A novel composite interferometer sensor is presented and its sensing characteristics are investigated. Based on the infiber
integrated Michelson interferometer, a quartz tube is used to encapsulate the ends of the twin-core fiber and single
mode fiber to form the dual extrinsic FP cavities. Thereby, the Michelson and FP configurations are integrated into a
single fiber, which we call it Michelson-FP composite interferometer sensor. The novel sensor can respond to the axial
strain and radial bending simultaneously. We have derived and analyzed the interferometer principle of the new structure.
The analysis results show that the interferometer sensor could be considered as the superposition of Michelson
interferometer and FP interferometer. Moreover, we establish a testing system and conduct a series of experiments to
investigate the strain and bending characteristics. We measure the reflection spectra with the spectrum analyzer.

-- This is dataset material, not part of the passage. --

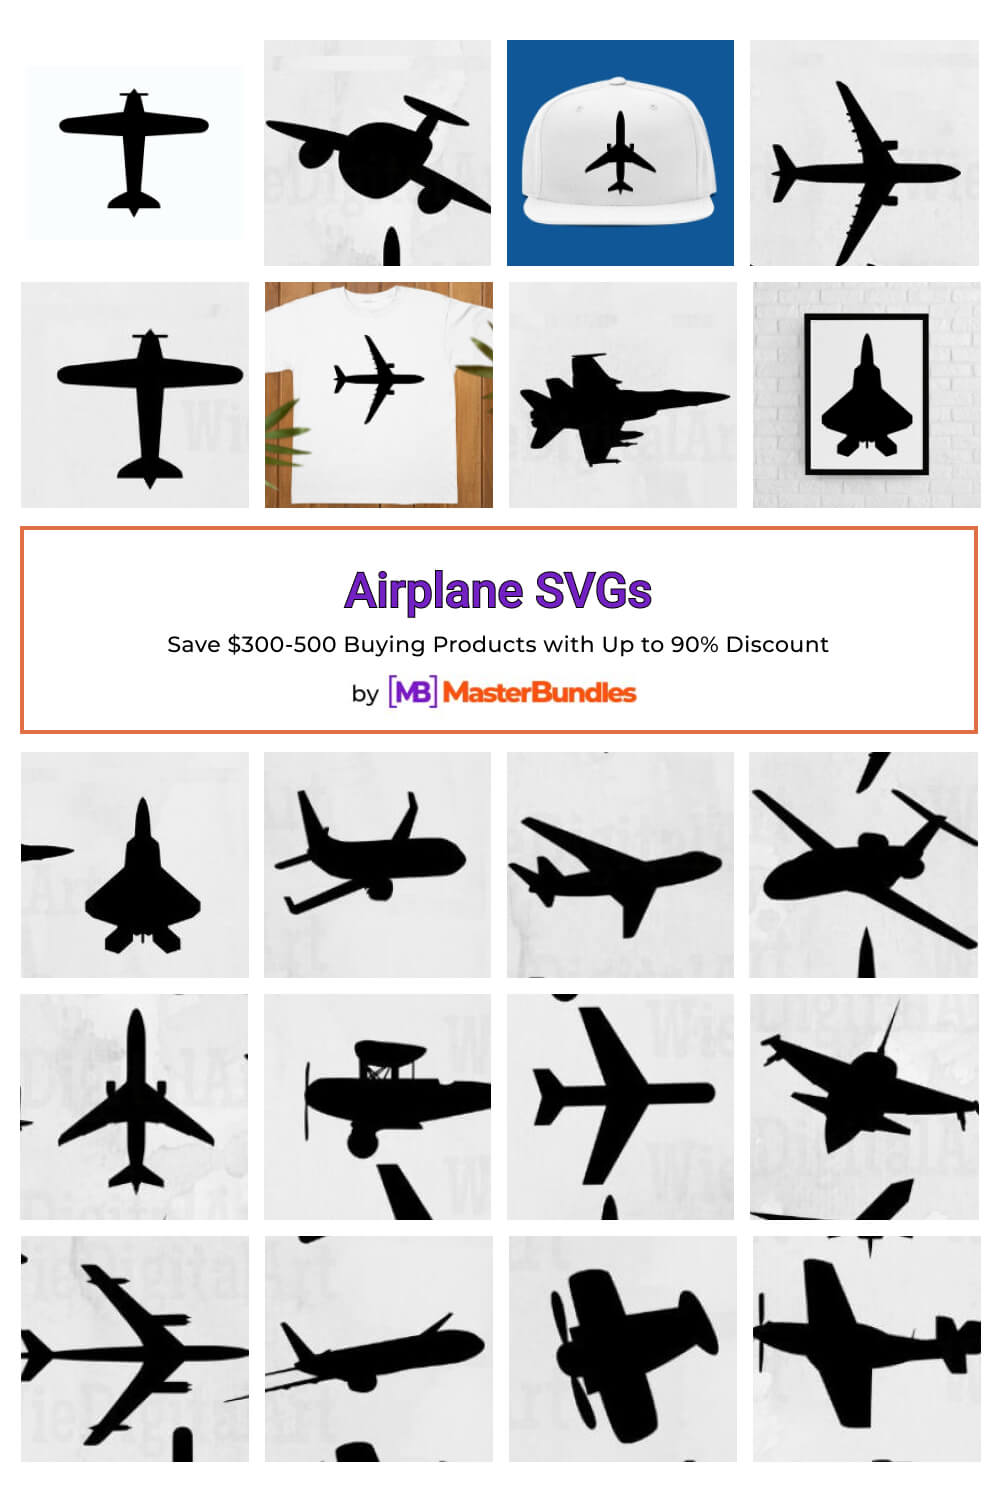 airplane svgs pinterest image.

The
spectral response of the composite interferometer sensor presents two pattern fringes with different frequencies due to
the respective optical path interferometers. The experimental results indicate that the composite interferometer sensor is
very sensitive to the strain and bending characteristics, and the presented sensor has different strain and bending
sensitivity coefficients. Due to these characteristics, the presented sensor might be able to measure the strain and bending
characteristics simultaneously. In conclusion, the presented novel interferometer sensor is of compact structure, high
integration and good strain and bending sensing characteristics. Thus, many types of fiber-optic sensors may be built
based on it.